TechRadar Verdict
Wilko’s air fryer proves you don’t need to pay over the odds for attractive kitchen appliances that consistently make great food.
Pros
- +
Easy to use
- +
Bargain price
- +
Makes great-tasting chips
Cons
- -
Loud fan
- -
Gets hot to the touch
- -
Low cooking times
Why you can trust TechRadar
Wilko has emerged as an unsung hero in the world of kitchen appliances. Its slow cooker is superb, its blender ranks highly and now its air fryer has cemented this status.
What’s even more impressive is that the UK high-street brand does all this at a bargain price. Read on for our full review of the Wilko 4L air fryer.
Price and availability
At just £40 (about $50), the Wilko 4L air fryer outperforms rival models almost eight times the price. It looks the part and creates hassle-free, crispy and delicious food that rivals even far more expensive competition.
Design
Air fryers, generally, are not the most attractive of kitchen appliances. They’re effectively mini ovens so to house the controls, the fans, and enough capacity to cook meals for your family, they need to err on the chunky side. That said, many take this to the extreme. Thankfully, Wilko is an exception.
Its compact shape houses a 4L bowl with removable basket below two black control dials that come with a chrome-style finish. The top dial controls the time, the bottom dial sets the temperature up to a maximum of 200 degrees Celsius. There are then two LEDs – the left-hand light to tell you it’s on and a “Heating” light on the right-hand side that lets you know when the air fryer is at the correct temperature. You’d be surprised how few air dryers have this latter, highly useful feature.
Because Wilko’s air fryer uses manual, rather than digital controls, it doesn’t need internal space or the mechanics for a display, and this cuts down its size. It also means it’s an absolute doddle to use, with its controls resembling the dials on a regular oven and labelled as such.
The downside to these manual controls is that the WIlko air fryer doesn’t come with pre-programmed settings like the majority of its rivals. It doesn’t make it any less versatile, it just requires setting the temperature and time manually, but it is worth noting. As is the fact its timer maxes out at 30 minutes, while the standard is an hour. This isn’t an issue when cooking chips, individual portions of meat, and cakes, yet if you’re using it to roast a small chicken, you will need to remember to reset the time halfway through.
Performance
Chips are the go-to food item for cooking in an air fryer but the appliance can be used to bake, roast and cook just about anything you can make in a regular oven, space permitting. We tested the Wilko air fryer with chips as well as chicken wings and could barely fault its performance.
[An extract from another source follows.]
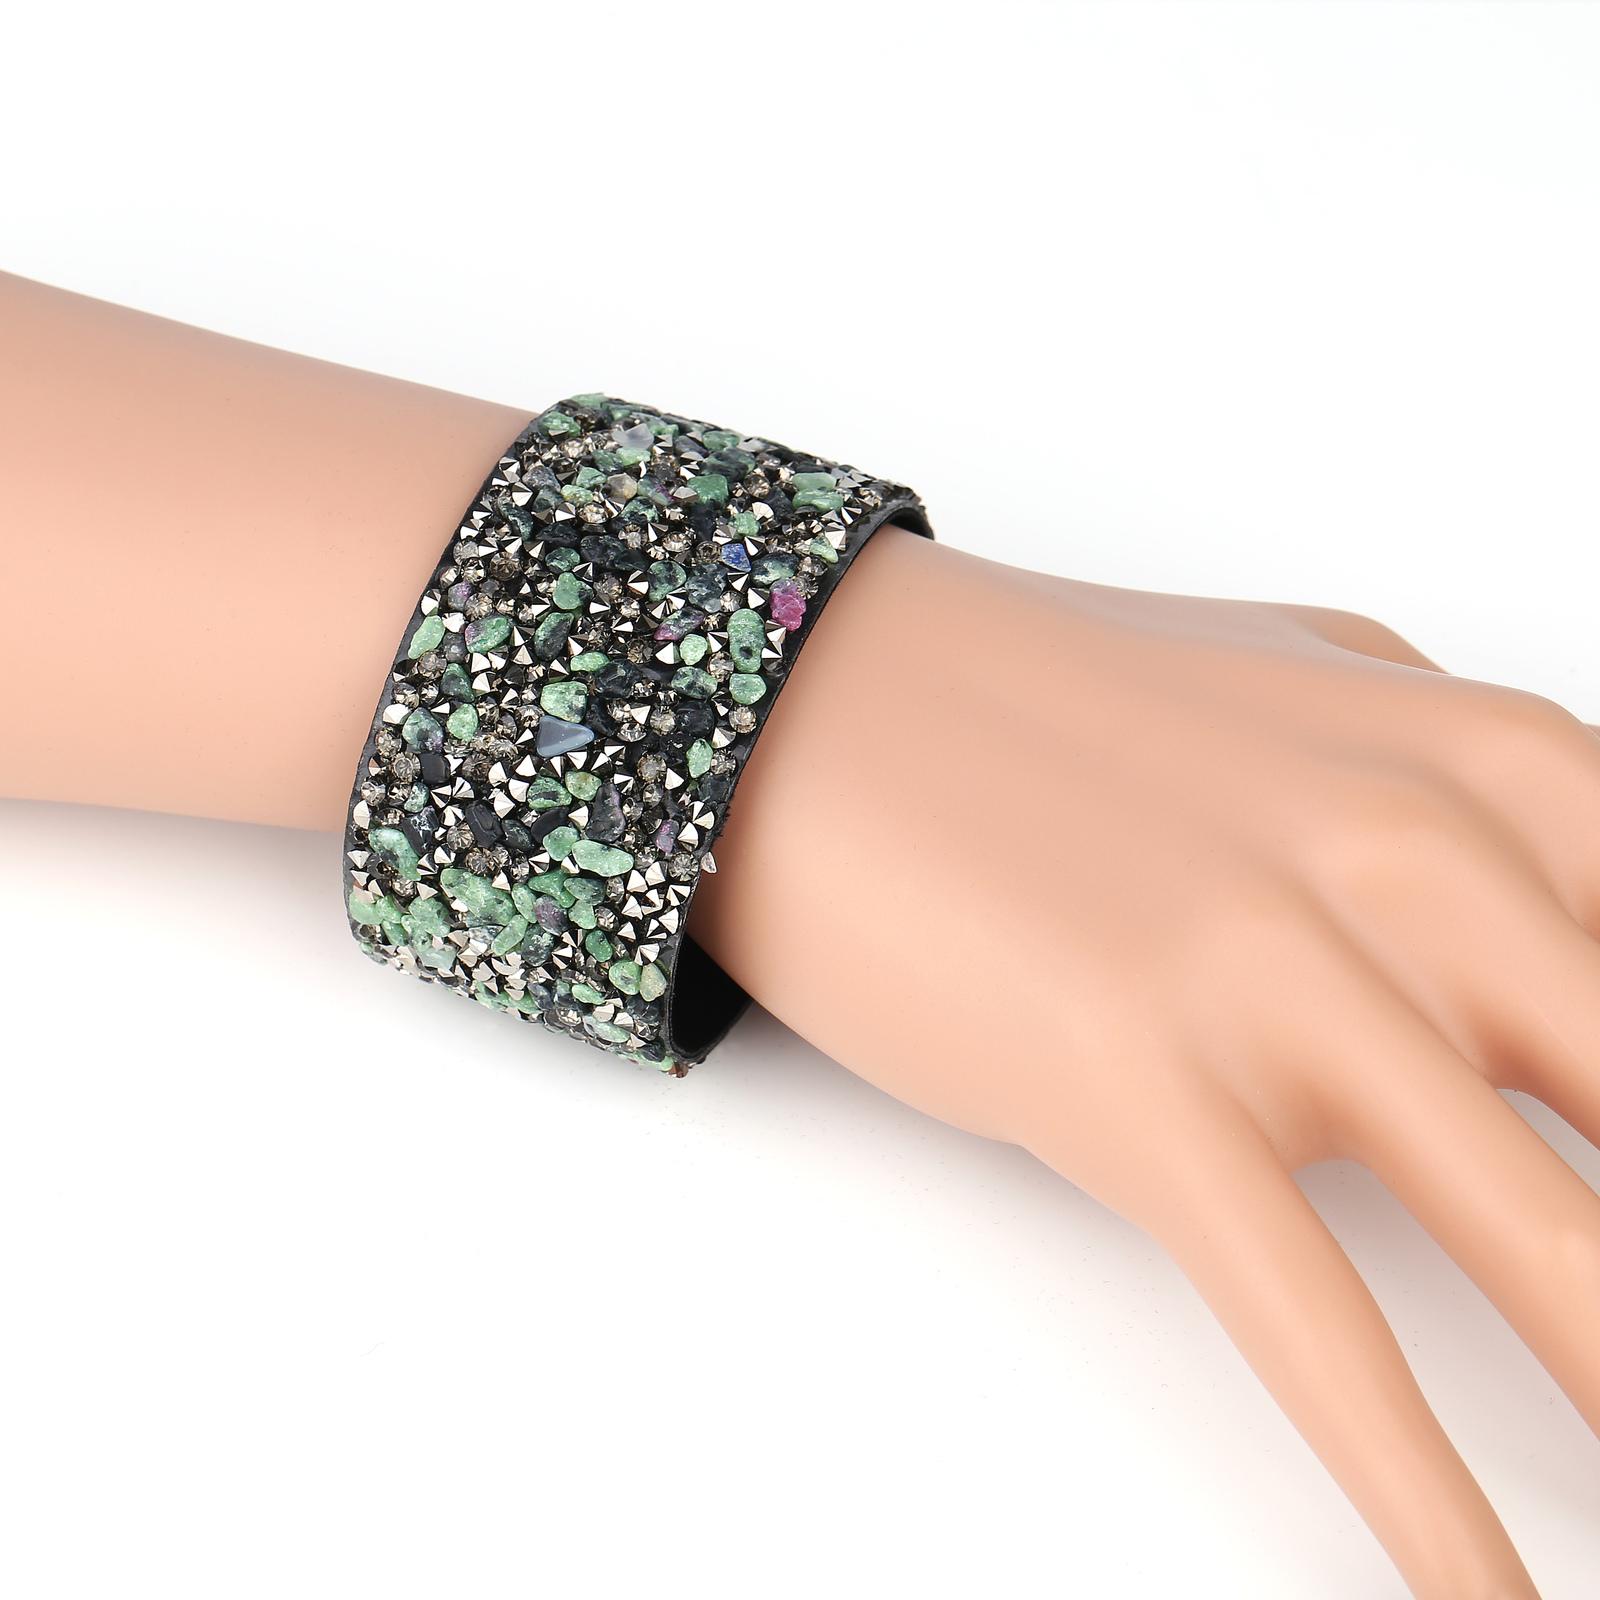 UNITED ELEGANCE Stylish Cuff Wristband With Stones & Swarovski Style Crystals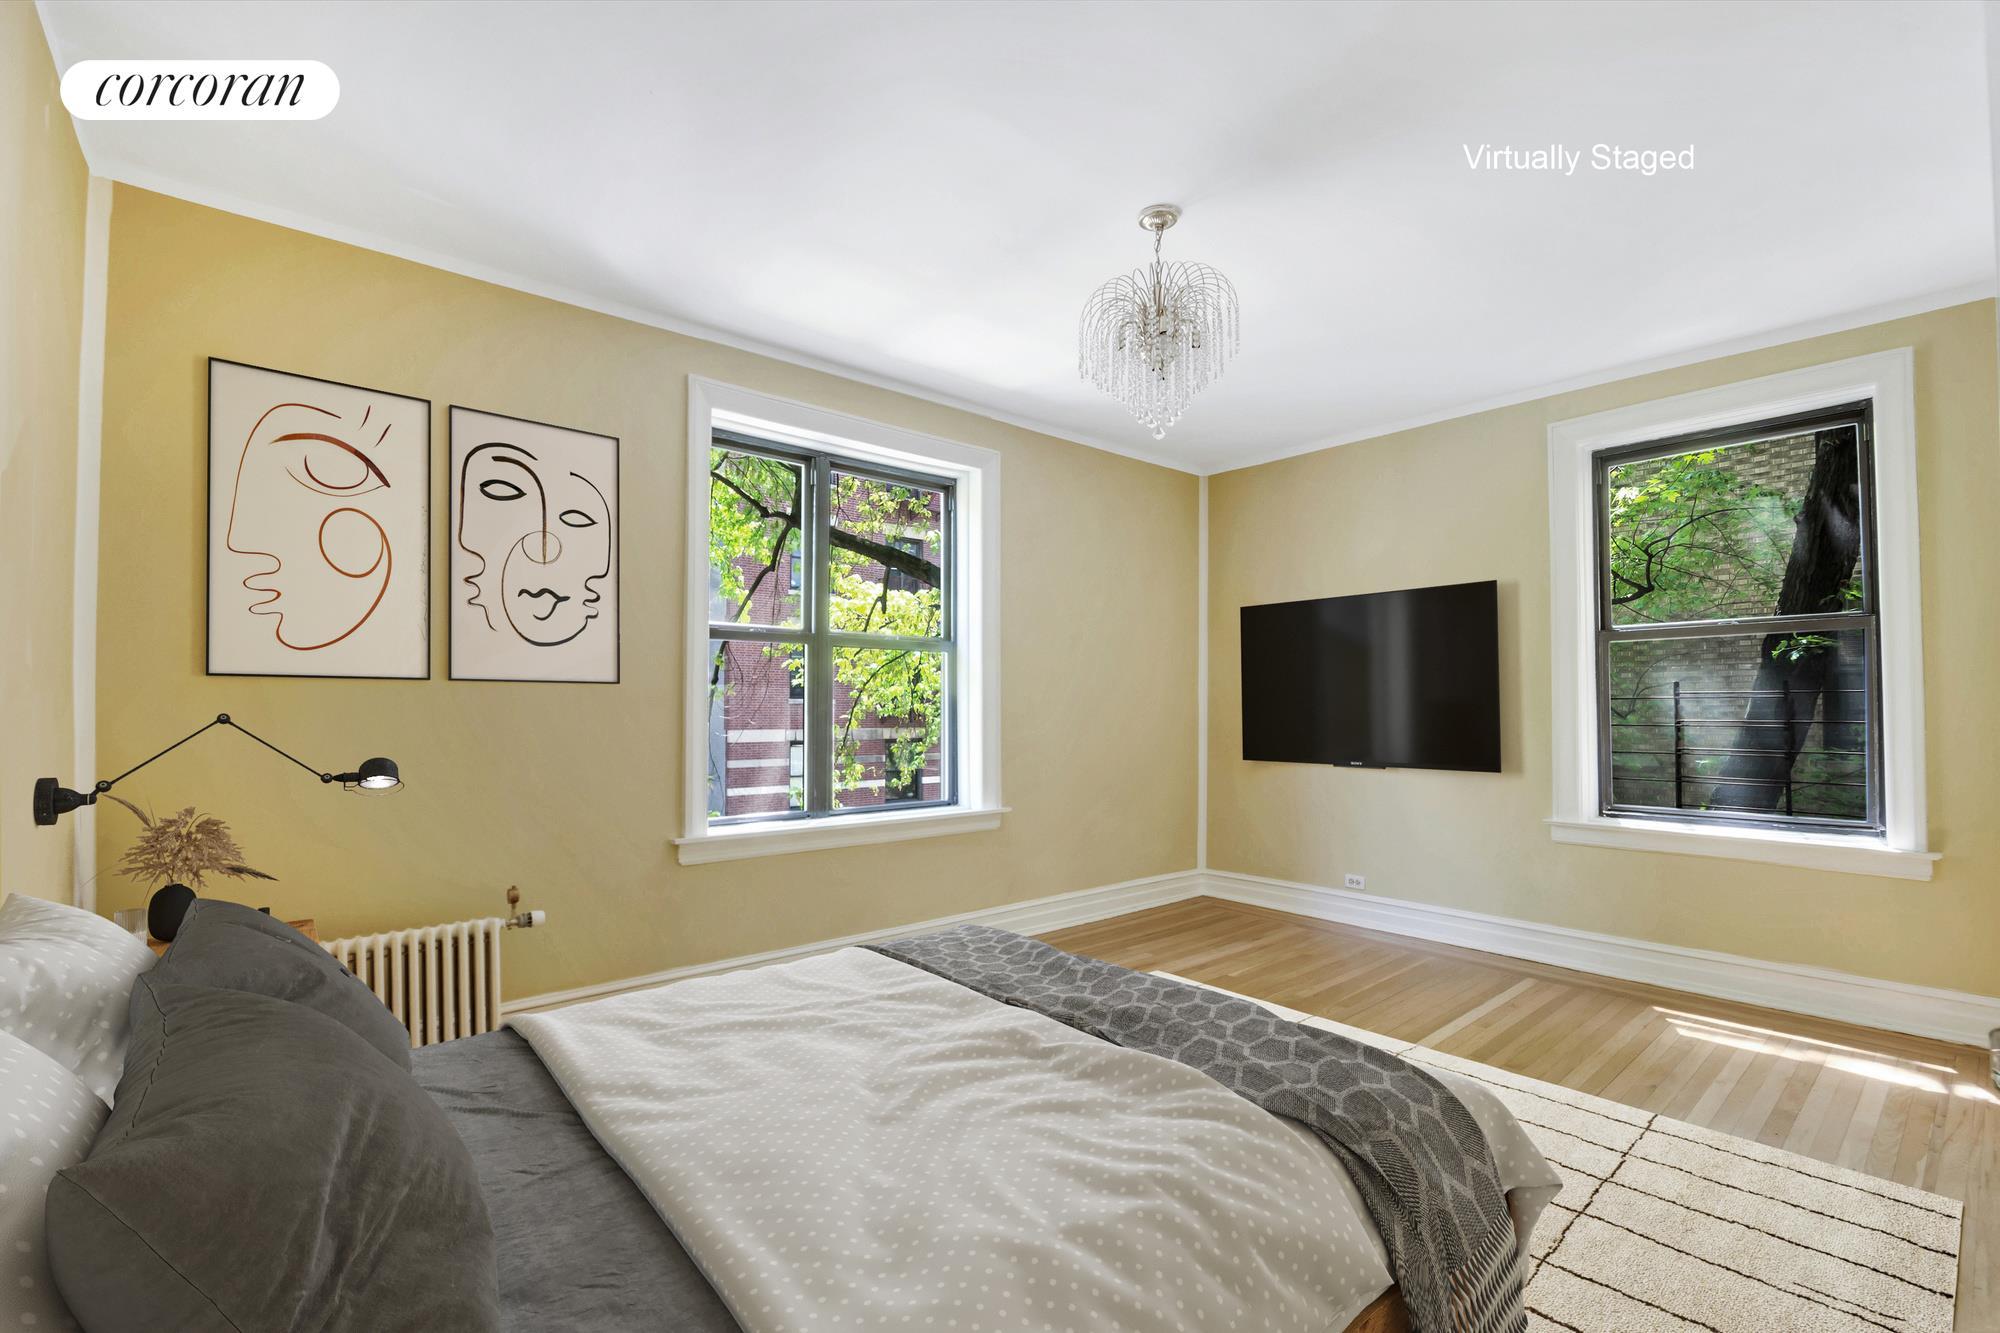 860 West 181st Street Washington Heights New York NY 10033

The chips were crispy on the outside, fluffy in the center and tasty. Some air fryers sacrifice this fluffy center to make sure the skin has bite, yet Wilko managed to tick both boxes. This was despite the basket being full and without us shaking the basket mid-fry. The vast amount of chips were consistently cooked proving the heat is evenly distributed. Its chicken wings equally had a crispy skin with a decent bite without overly drying out the meat.
The timer ticks, akin to the sound of an egg timer, as the air fryer’s cooking time counts down and a bell sounds when the cooking has finished. There’s something reassuring and familiar about the two sounds, and they’re less jarring than the repetitive beeping of its rivals.
The design of the air fryer means you can’t see inside it while it’s cooking; you’d have to expose the bowl/basket to cold air to check on your food, but this is a minor inconvenience if you’re only opening it briefly. It’s also not the quietest of air fryers and has a tendency to get hot to the touch during cooking so is worth keeping out of reach of children.
Verdict
Wilko’s air fryer isn’t perfect, but it comes close. Plus, at this price the sacrifices you make for the short timer and how hot it gets during cooking almost pale into insignificance. Some people will prefer digital controls, but if you can get past that, you’ll get a space-saving, attractive, and easy-to-use air fryer that consistently makes great-tasting food.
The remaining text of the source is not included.